An international research effort has lead to the successful creation of the first Bose-Einstein condensate (BEC) in space.
Bose-Einstein condensates are a pretty exotic kind of matter. They're created by chilling atoms of low-density gases to almost as low as temperature will go. In the frigid expanses of near-absolute-zero, the atoms bunch up to create a very dense quantum state.
They're not just for show, either. Researchers are very interested in getting their (figurative) hands on BECs so they can run their tests and see exactly what these substances can do. The theory, at least, suggests that their weird state would make BECs ideal sensors for certain applications -- such as picking up on gravitational waves.
And now, the catch
It's almost impossible to synthesize BECs under normal conditions on Earth. Rather, it's next to impossible on any sizeable chunk of space rock; gravity interferes with the devices used to produce and study these condensates.
Our workaround so far was to strap all this (very expensive, mind you) gear onto towers and then drop it. Yep, straight down. This simulates a zero-gravity environment (gravity pulling down is canceled out by inertia pulling upwards) for a few split seconds, making the process viable during the fall. Needless to say, not very much can be achieved during this time, so researchers working with BECs have long pinned their eyes and hopes on an environment that's proudly gravity-free: outer space.
The U.S. is already hard at work in furbishing these scientists with the toys they need. Last May, NASA blasted a space-based BEC research platform called the Cold Atom Laboratory towards the International Space Station (ISS). However, the laboratory is yet to become fully operational.
So, in the meantime, a quite sizeable group of researchers from Europe and the U.S. have joined hands to launch a tiny, BEC-producing device to orbit. It also contained devices capable of running a host of experiments on the substance. This experiment functioned on the same principle as the tower-dropping ones, by using low-gravity and zero-gravity environments in space.

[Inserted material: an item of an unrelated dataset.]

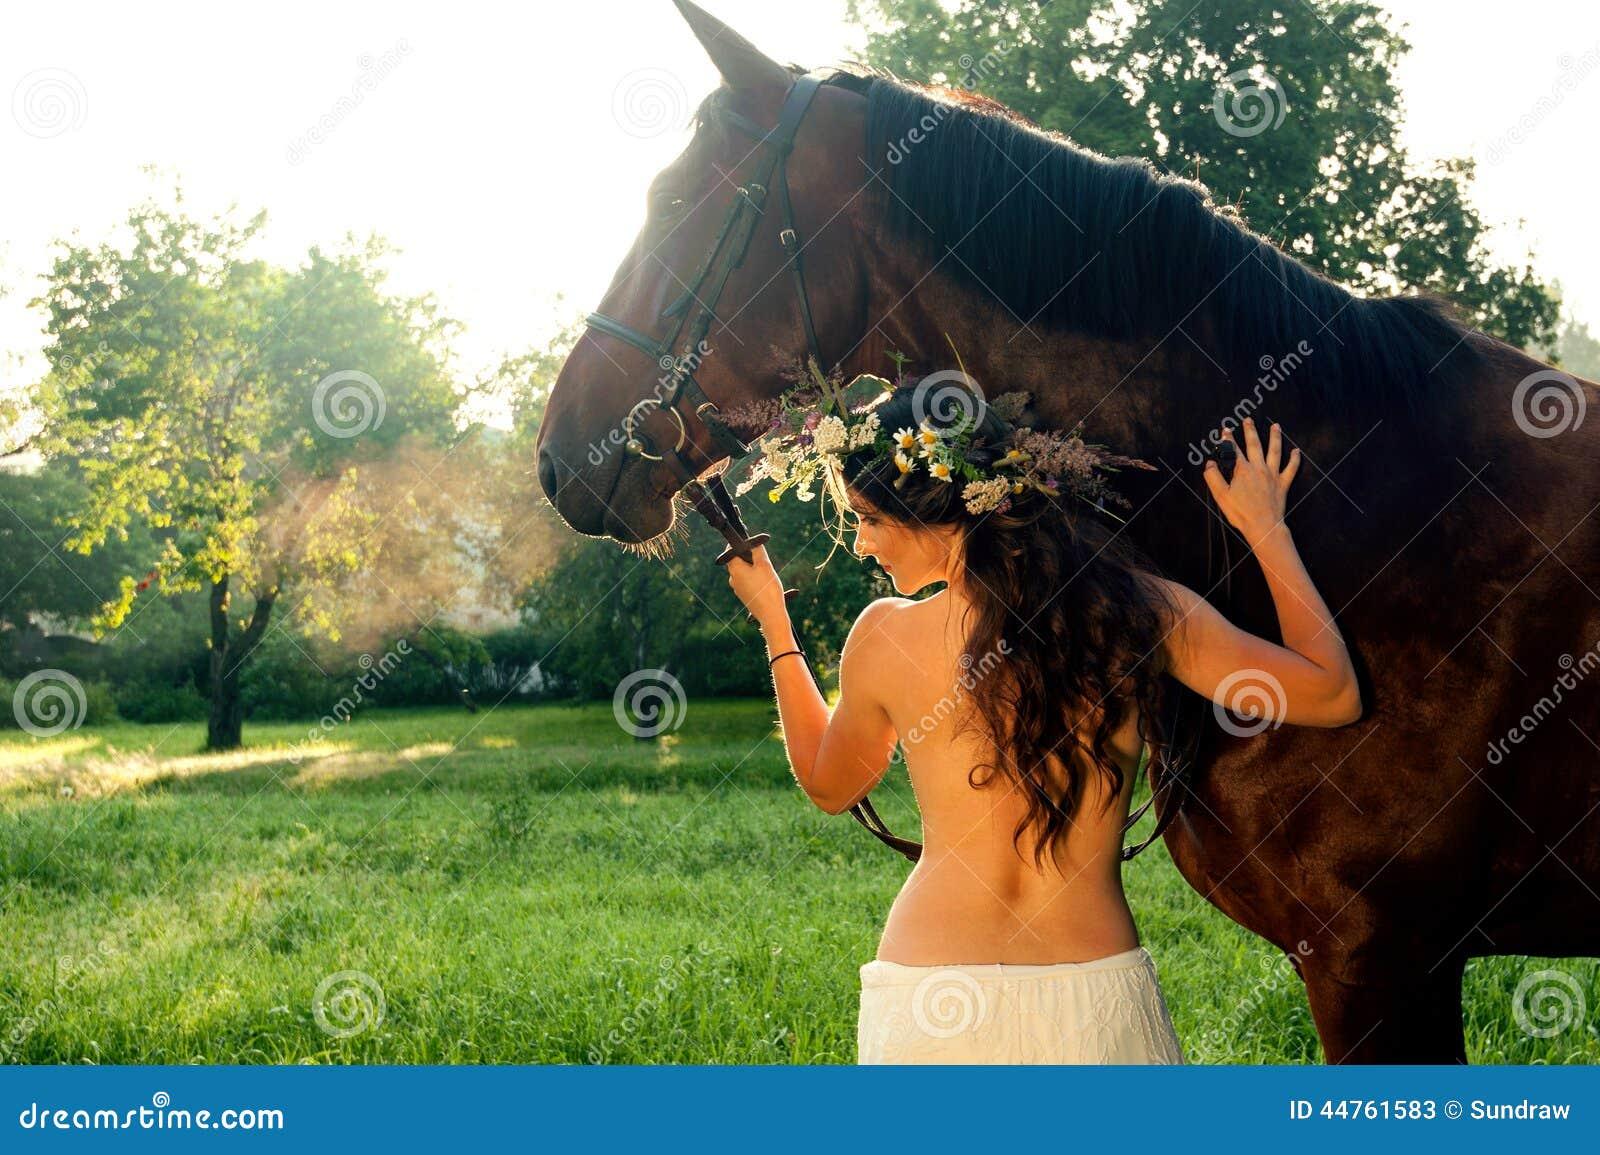 Mujer desnuda a caballo Nude Photos 80
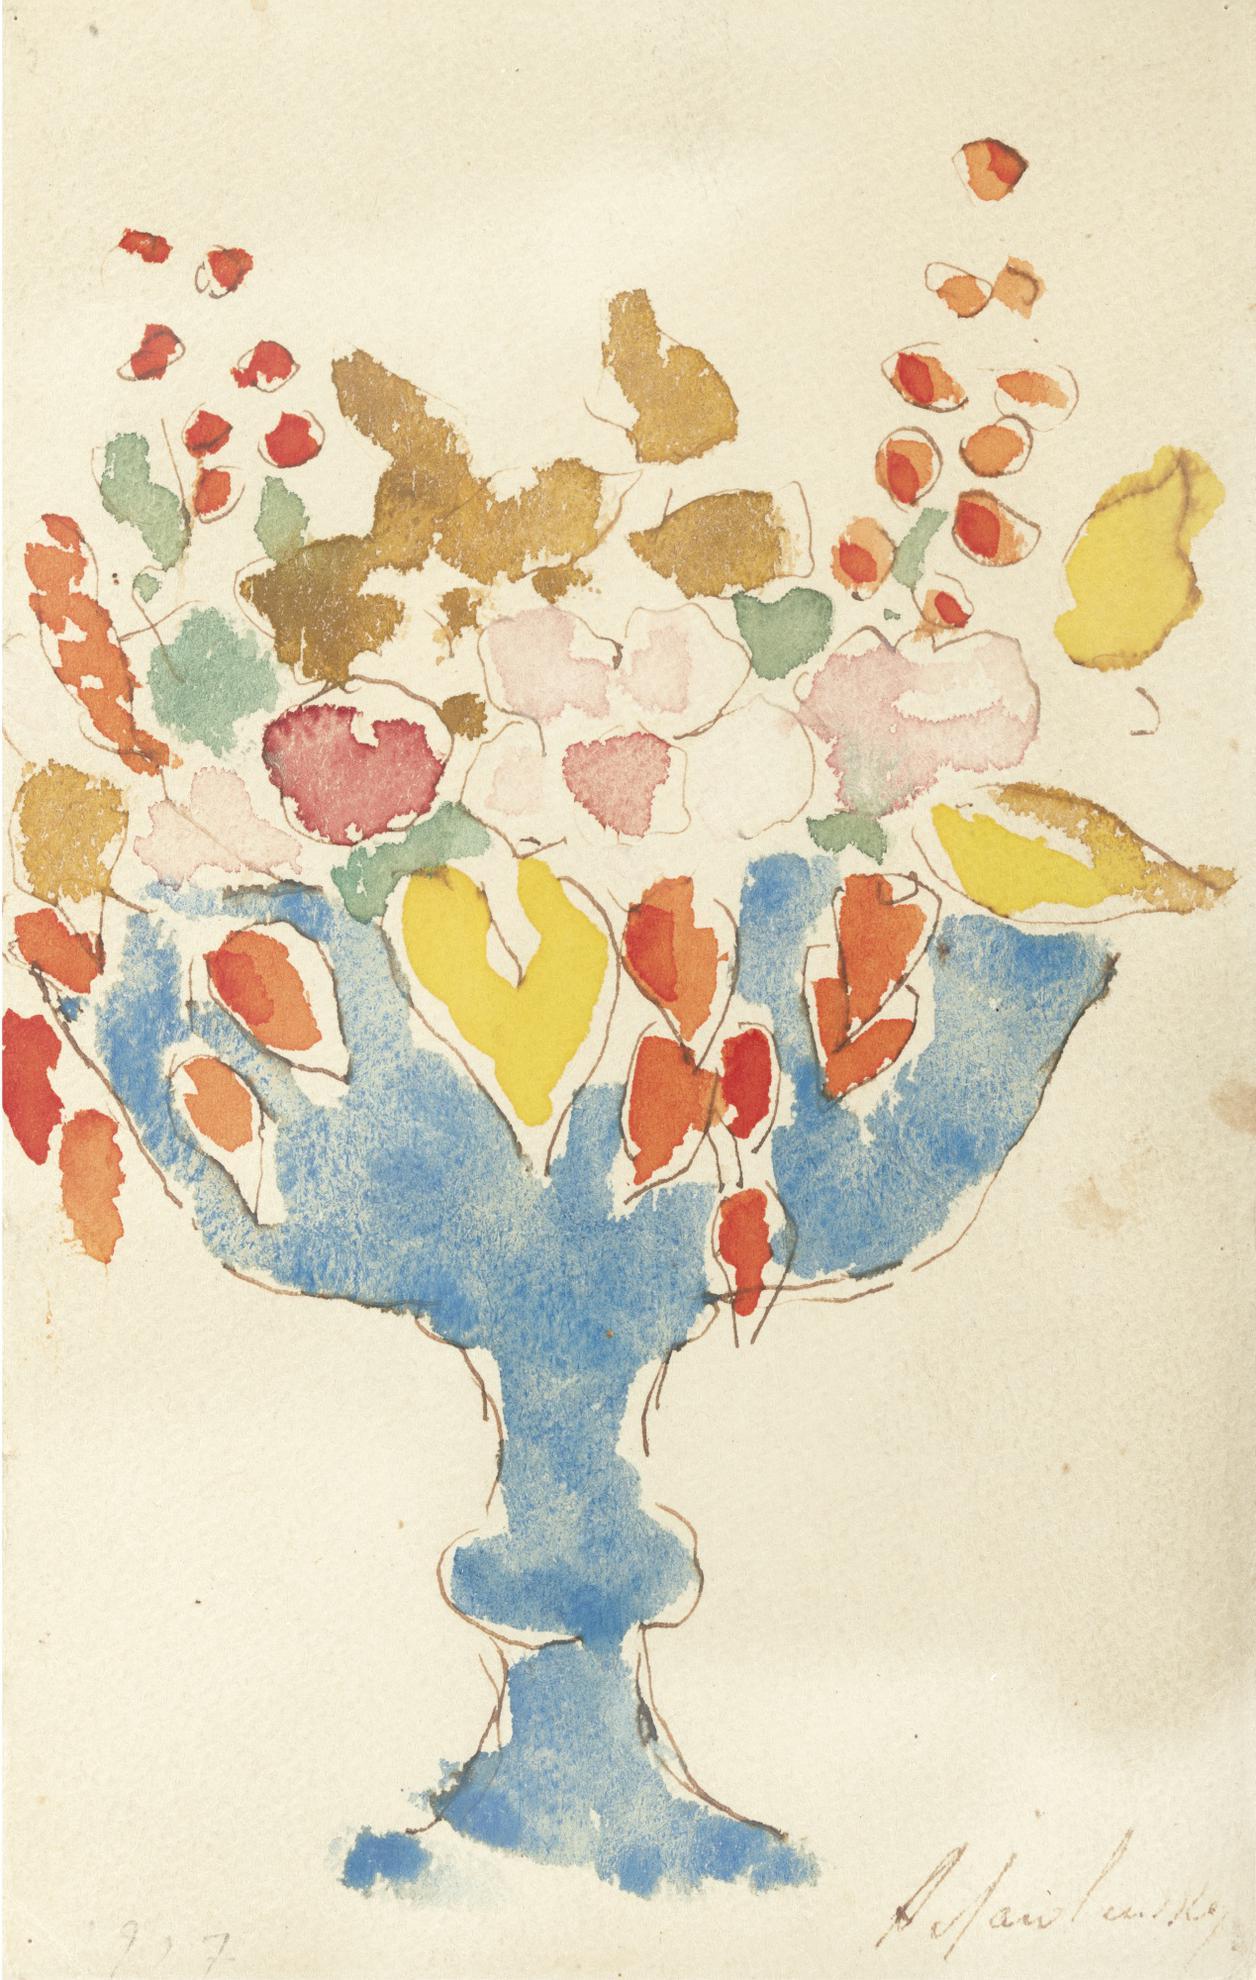 Alexej von Jawlensky-Blumen In Blauer Vase (Flowers In A Blue Vase)-1927

The device consisted of a capsule with, various electronics, a chip of rubidium-87 atoms, some lasers, and a power source. The team activated the device once the rocket hit an altitude of 243 km (150 miles). A stable BEC was produced in just 1.6 seconds, the authors report, and the device carried out 110 preprogrammed experiments in the six minutes before the rocket landed back to Earth.
This BEC marks the first ever substance of its kind produced in space, the team adds.
The paper "Space-borne Bose–Einstein condensation for precision interferometry" has been published in the journal Nature.